On forgiveness

The world breaks everyone, and afterward, some are strong at the broken places.

— Ernest Hemingway

We are all broken down by trauma and loss, by disappointment, by life’s daily chores and challenges.  How do we become “strong at the broken places,” as Hemingway says?

We know the answer if the broken thing is a bone or a dish: take time to repair it, protect it, treat it with care, allow it time to reset.

But what about a broken heart, broken trust, or a broken dream?  For those we do not always take the time to heal.  We don’t always know how to soothe our aching selves.  We think we should be able to get over it or tough it out.

So we get right back out there, still broken and bruised, and get hurt again — often in the same places where we’re already injured. These can become our weak spots.

Becoming stronger isn’t about covering over and armoring up the weak and injured spots. It’s about healing them.  To do that, our wounds have to be treated with gentleness and whatever remedies strengthen us. Meditation. Sleep. Exercise. Water. Prayer. Music. Dancing. Nature. Friendship. Generosity. Kindness. Forgiveness.

Nothing else heals quite like forgiveness does. It takes practice, though. The hardest things and people to forgive take some working up to.  Getting ready to let go of the burdens that weigh most heavily upon us is like preparing jump off a high dive. Sometimes you’ve got to look at it for a long time, from many different angles, before you take it on. Sometimes you’ve got to make smaller jumps first, with less risk.
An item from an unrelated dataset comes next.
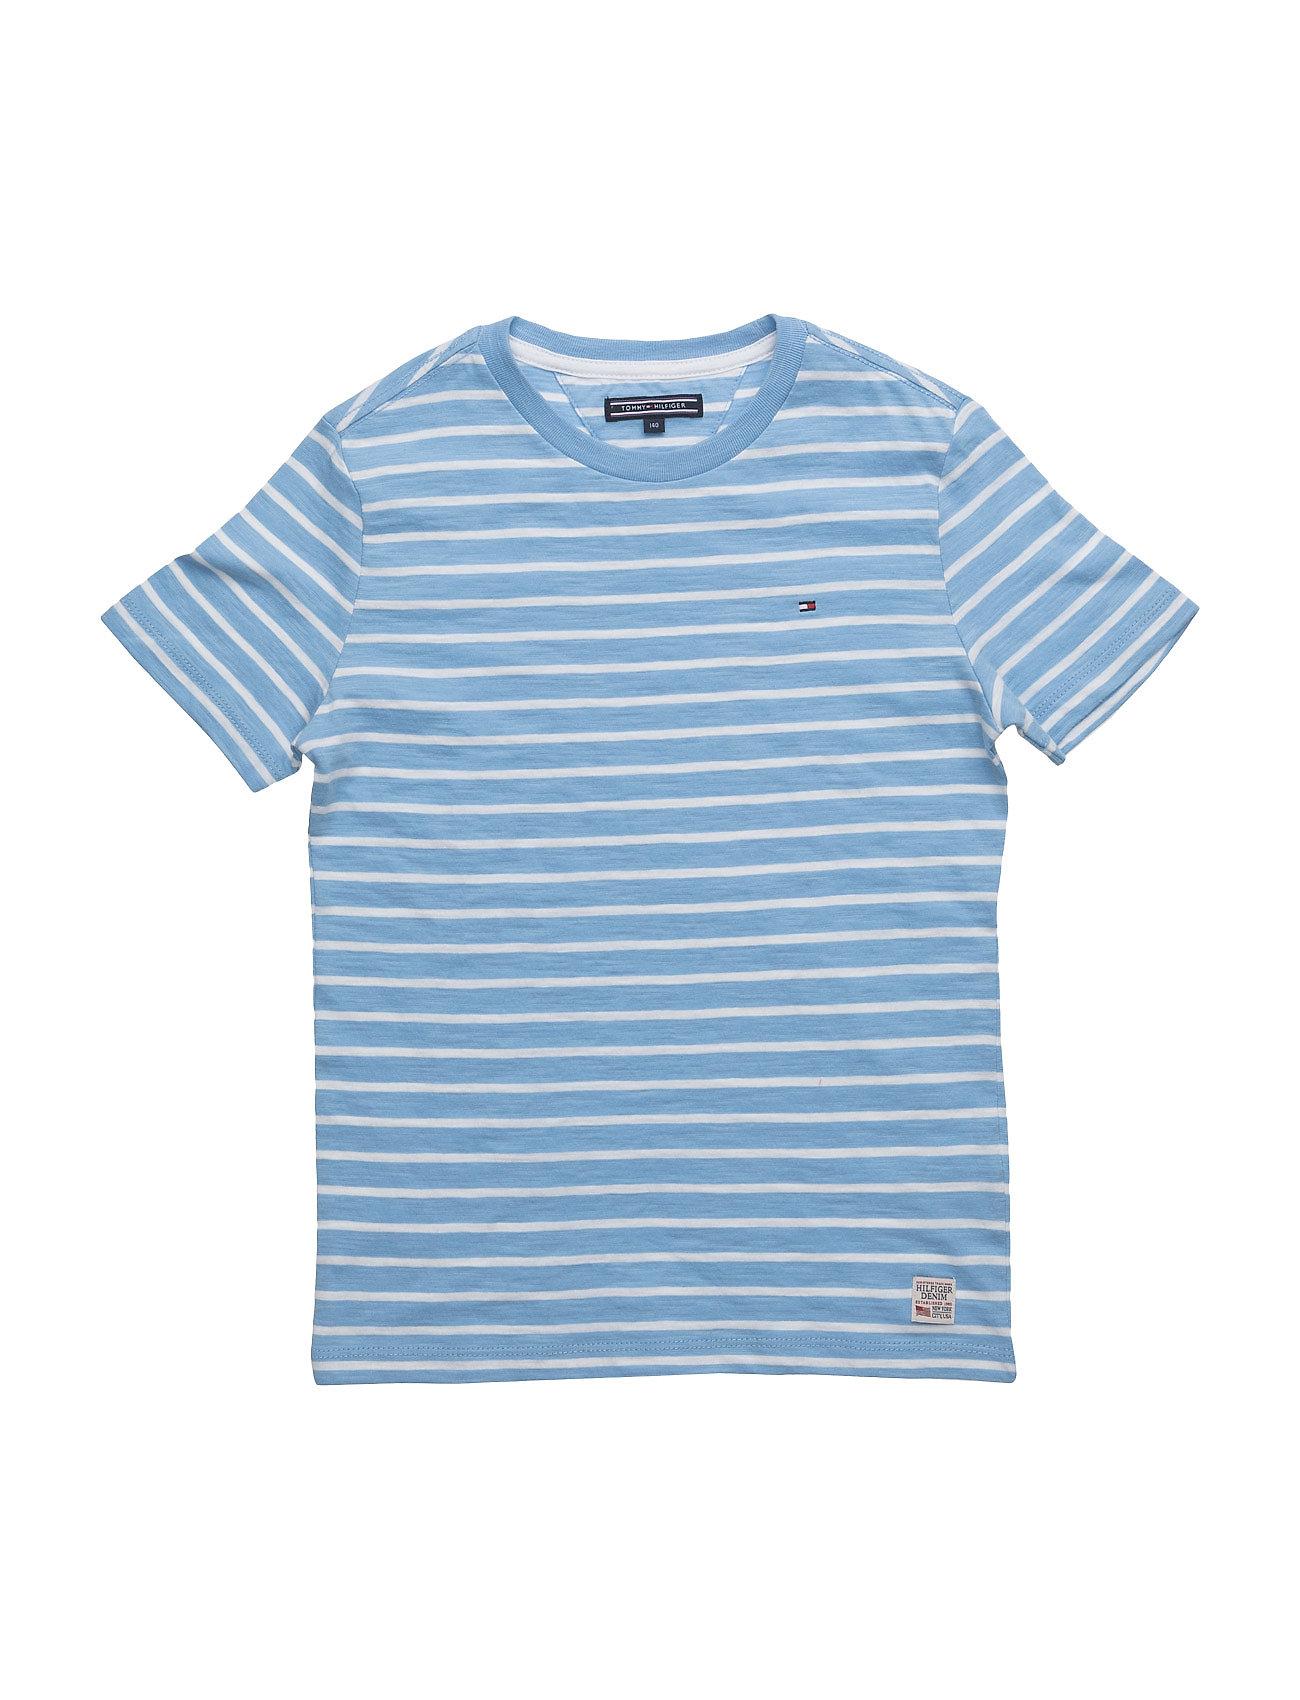 Ame Bicolor Stripe Cn Tee S/S Tommy Hilfiger Kortærmede t-shirts til Børn i Blå

Having trouble forgiving someone, or yourself? Practice with a smaller thing of less significance to you. It can be a silly thing. In fact, if it makes you laugh, so much the better. “I forgive my dryer for eating all those single socks, and I forgive myself for the ever-growing mountain in the ‘sock basket’ that I never seem to find time to sort and match.”  Reinforce the memory that forgiveness can be fun and lighthearted, and you’ll remember it will make your heart will feel lighter.

Here’s another way to practice forgiveness: try it out for a set amount of time.  Say to yourself, “For this weekend only, I am going to forgive X (person’s name),  just to see what it feels like.” On Monday you can pick up the grudge again. Think of it as an experiment, like eliminating a piece of furniture from your living room and looking at the remaining pieces. What does it look like?

What would your life be like if you weren’t carrying that hurt and anger?  What space might be freed up, and what new possibilities would you see in its place and beyond?

Practicing forgiveness on trial basis, for a limited time only…who knows what you might discover? Try it. I dare you. You might like it.